* **SUPPLIED INFORMATION**:
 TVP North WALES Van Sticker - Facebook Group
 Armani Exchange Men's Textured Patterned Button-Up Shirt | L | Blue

...

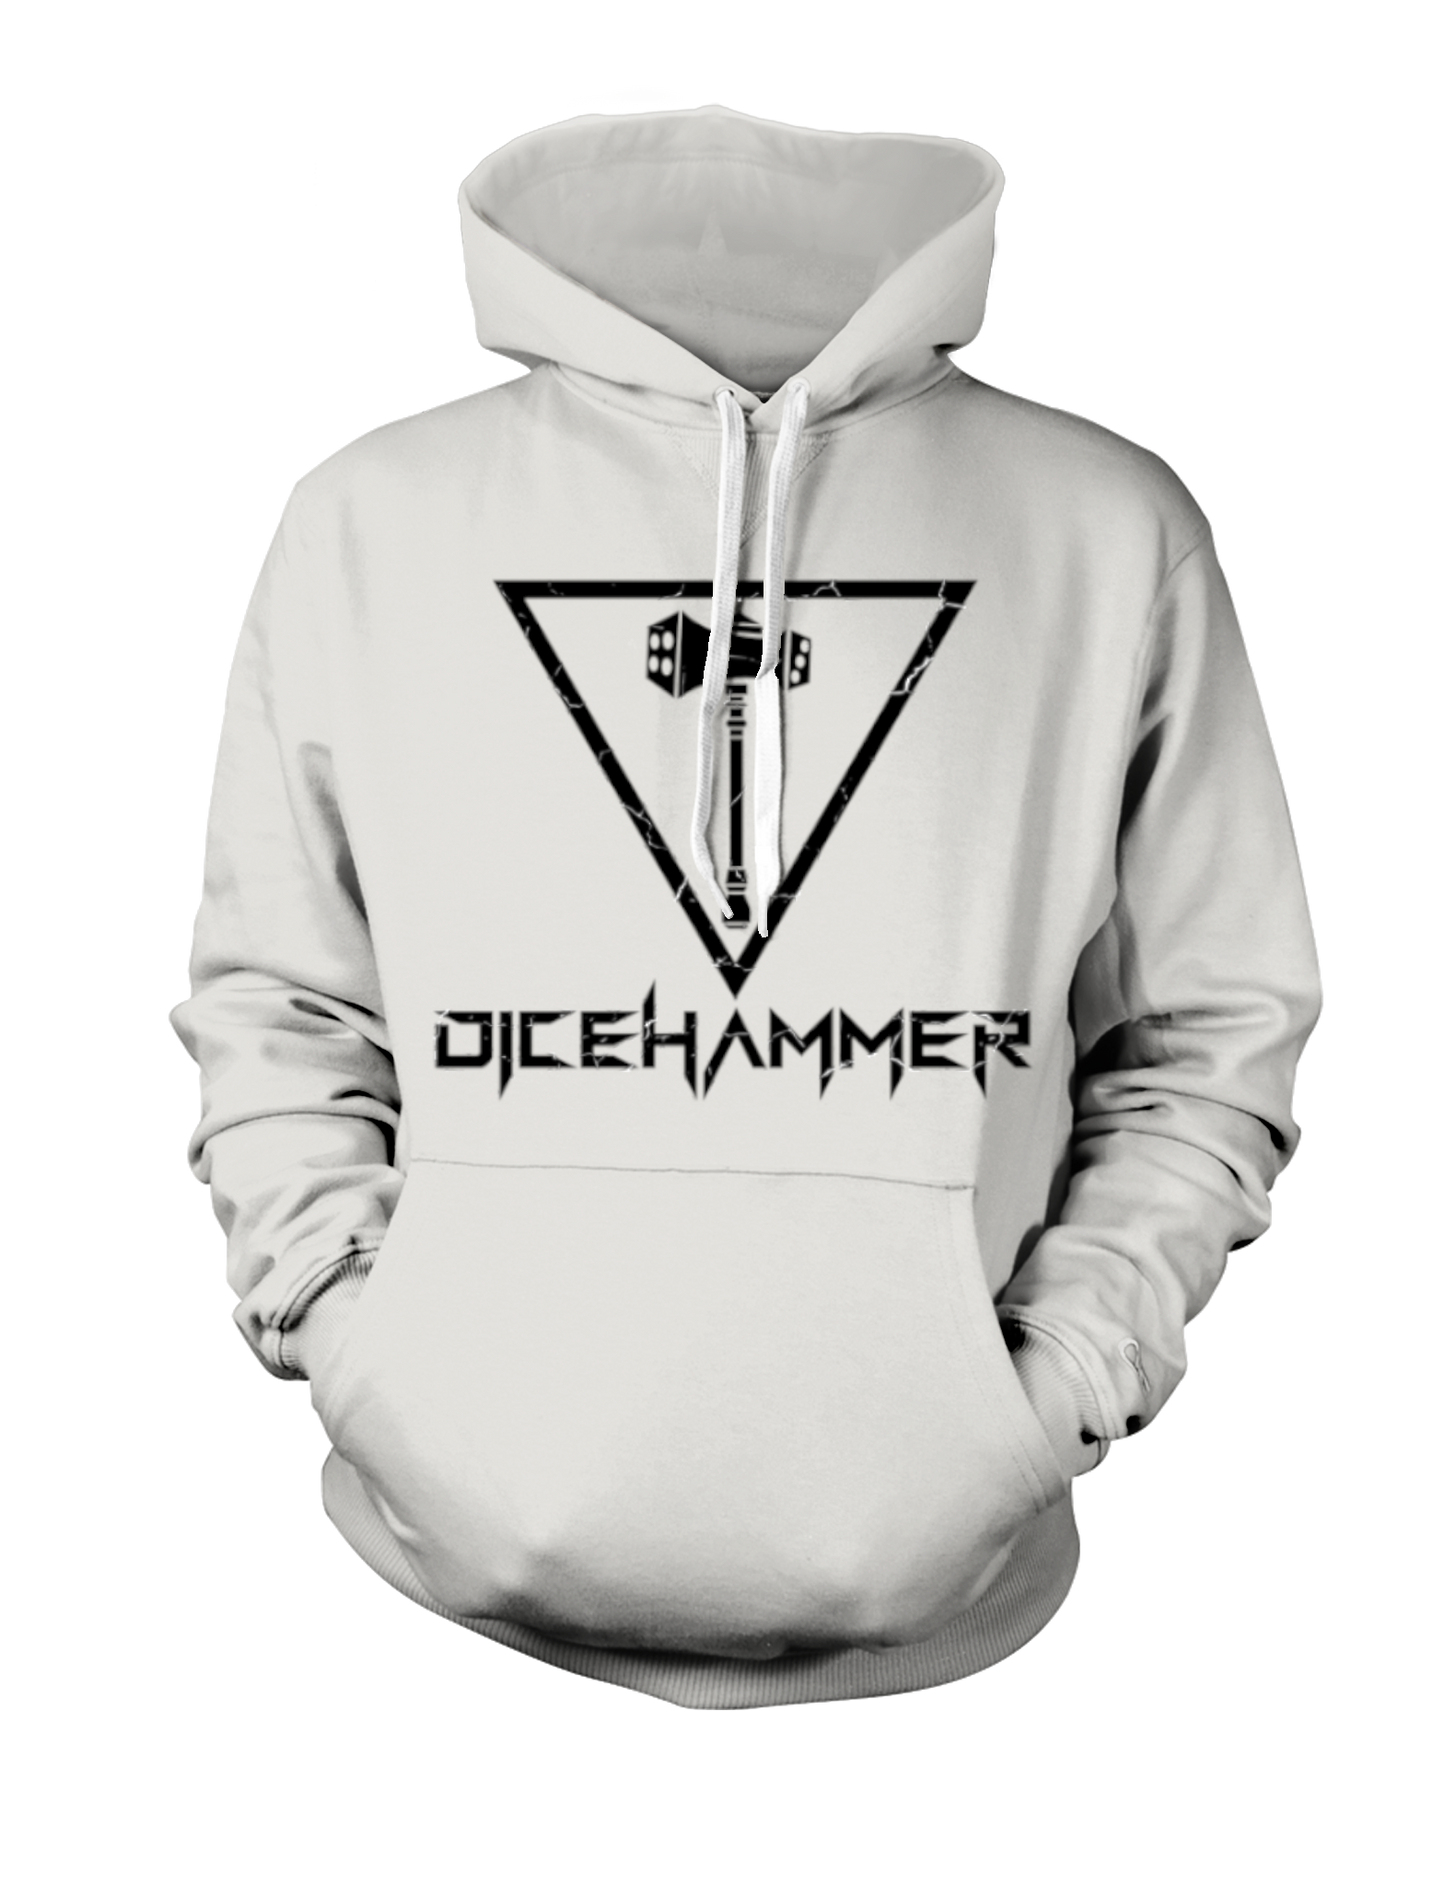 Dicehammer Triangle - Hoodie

* **DIRECTIONS FOR THIS TASK**:
Of all the entries above, output exactly the lines between the one holding "TVP North WALES Van Sticker - Facebook Group" and the one holding "Armani Exchange Men's", inclusive.

* **FINAL ANSWER**:
 TVP North WALES Van Sticker - Facebook Group
 Armani Exchange Men's Textured Patterned Button-Up Shirt | L | Blue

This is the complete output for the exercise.